CG Chair Philip K. Howard
The Daily News, June 11, 2001

In the stalemated contract talks between City Hall and the united federation of teachers, the teachers are insisting that they deserve a 20% raise, not only to achieve parity with suburban school districts, but also because they work in frustrating, practically inhumane, conditions.

Almost everything the teachers say is true, but they leave out one detail: they have mainly themselves to blame. They cling to a stranglehold of legal rights in the form of work rules, tenure and court-like hearings for even the smallest disputes.

Until the teachers let go of these suffocating entitlements, schools are doomed to failure.

Mayor Guiliani is holding fast for more accountability. So the UFT now offers to let the Mayor appoint a majority of the Board of Education. But public schools aren't dysfunctional because of people who sit in a boardroom. Accountability starts with the teachers, custodians and others in schools. Break one link in the chain of accountability, and the system collapses. How can we blame a principal who has no authority over teachers?

The fight over accountability usually bogs down in the confusion over the individual rights of the teacher. Just let the teacher have his or her day in court. What's unfair about that? But how does the principal prove who is trying hard and who isn't? Put the students on the stand? Termination hearings are awful, a quagmire of personal attacks. One superintendent observed that "dismissing a tenured teacher is not a process, it's a career." No principal wants to go through it. And almost none do.

Most teachers are dedicated and want to do the right thing. But a healthy culture cannot exist when everyone knows it doesn't matter what you do.

What replaces personal accountability is endless bureaucracy. Over the years, the UFT has negotiated detailed work rules intended to improve the teachers' lot. The accumulation is now more than two hundred pages of fine print: no lunchroom or recess duty, no more than forty minutes per week with the principal; no this, no that. Asking a teacher to help out on extra projects is itself a breach of the contract.

As a counterweight to teacher entitlements, the Board of Ed has imposed thousands of rules telling teachers and principals exactly how to do their jobs.

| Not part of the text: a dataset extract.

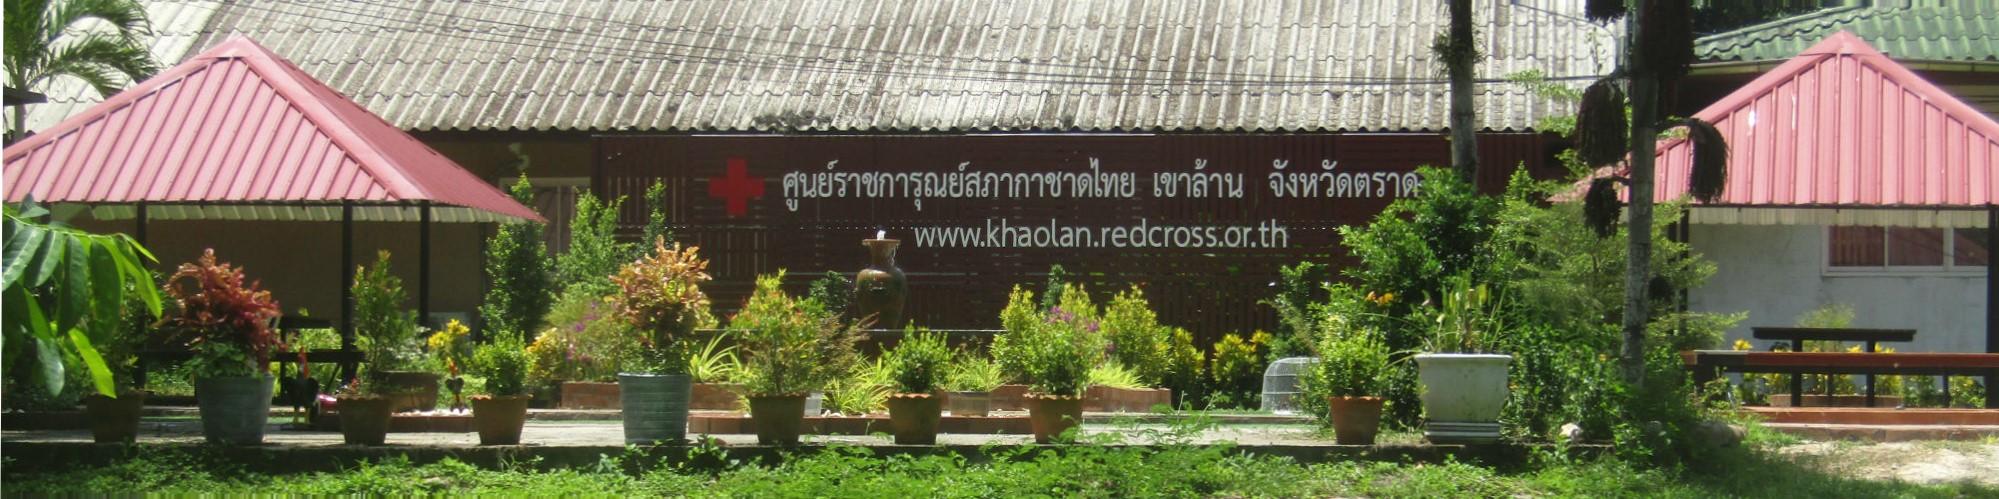 Sala Ratchakarun Thai Red Cross Centre Khao Lan, Khlong Yai District, Trat Province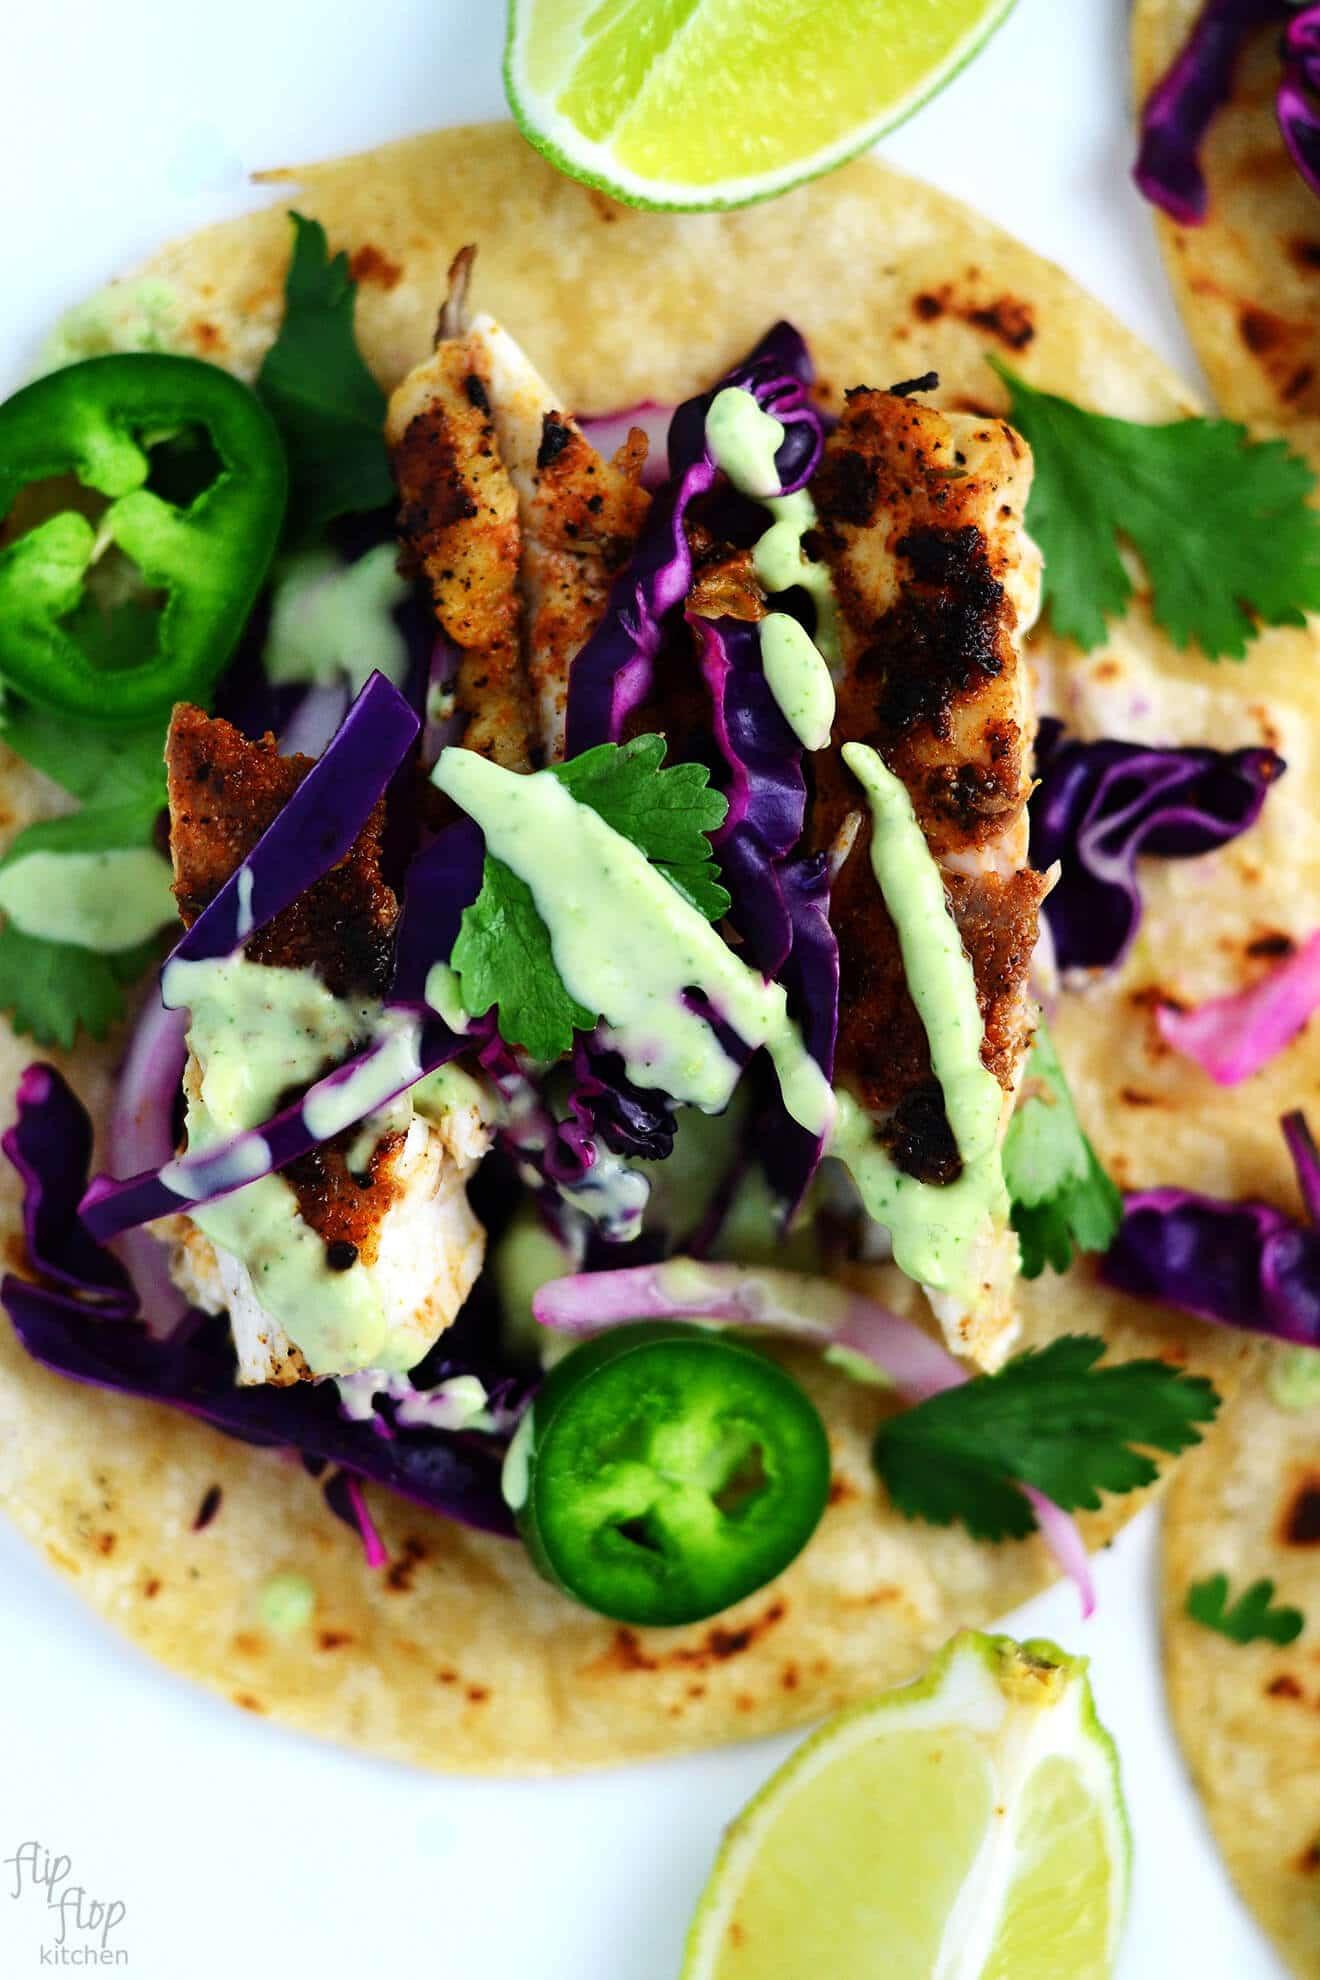 Fish Taco clipart tortilla Tacos Slaw Cabbage Red So

The cornucopia of rules and rights probably looks good to those who like legal structures that lay everything out in advance. Now everyone has their very own rights. It's like handing out candies so the children don't fight over them.

But the candy is poisonous. It kills the human judgment and goodwill needed to make anything work. Like a plague, teacher "burn out" spreads through schools because teachers don't have the nourishment of their own spirit.

This system must be discarded, not reformed. Putting more mayoral appointees on the Board of Education is like a bad joke, equivalent to another Soviet five-year plan. The problem is the system itself, not who's running it.

The highest hurdle is the pervasive mistrust. "We need due process," as a union official in another state put it, "as long as there are people who might fire you because they didn't like what you wore that day." But protection against unfairness doesn't require a legal trial or thousands of rules. Just give independent officials the authority to oversee personnel or disciplinary decisions. Checks and balances, like teaching itself, must be matters of human judgment.

There's a deal to be made here. Raise salaries -- dramatically for good teachers -- in exchange for throwing off the fine-print shackles. Schools are uniquely human enterprises, not factories that can be outfitted with legal robots programmed with thousands of rules.

Only when teachers allow themselves to be judged can we walk away from a bureaucracy that has removed dignity and accomplishment from the honored profession of teaching.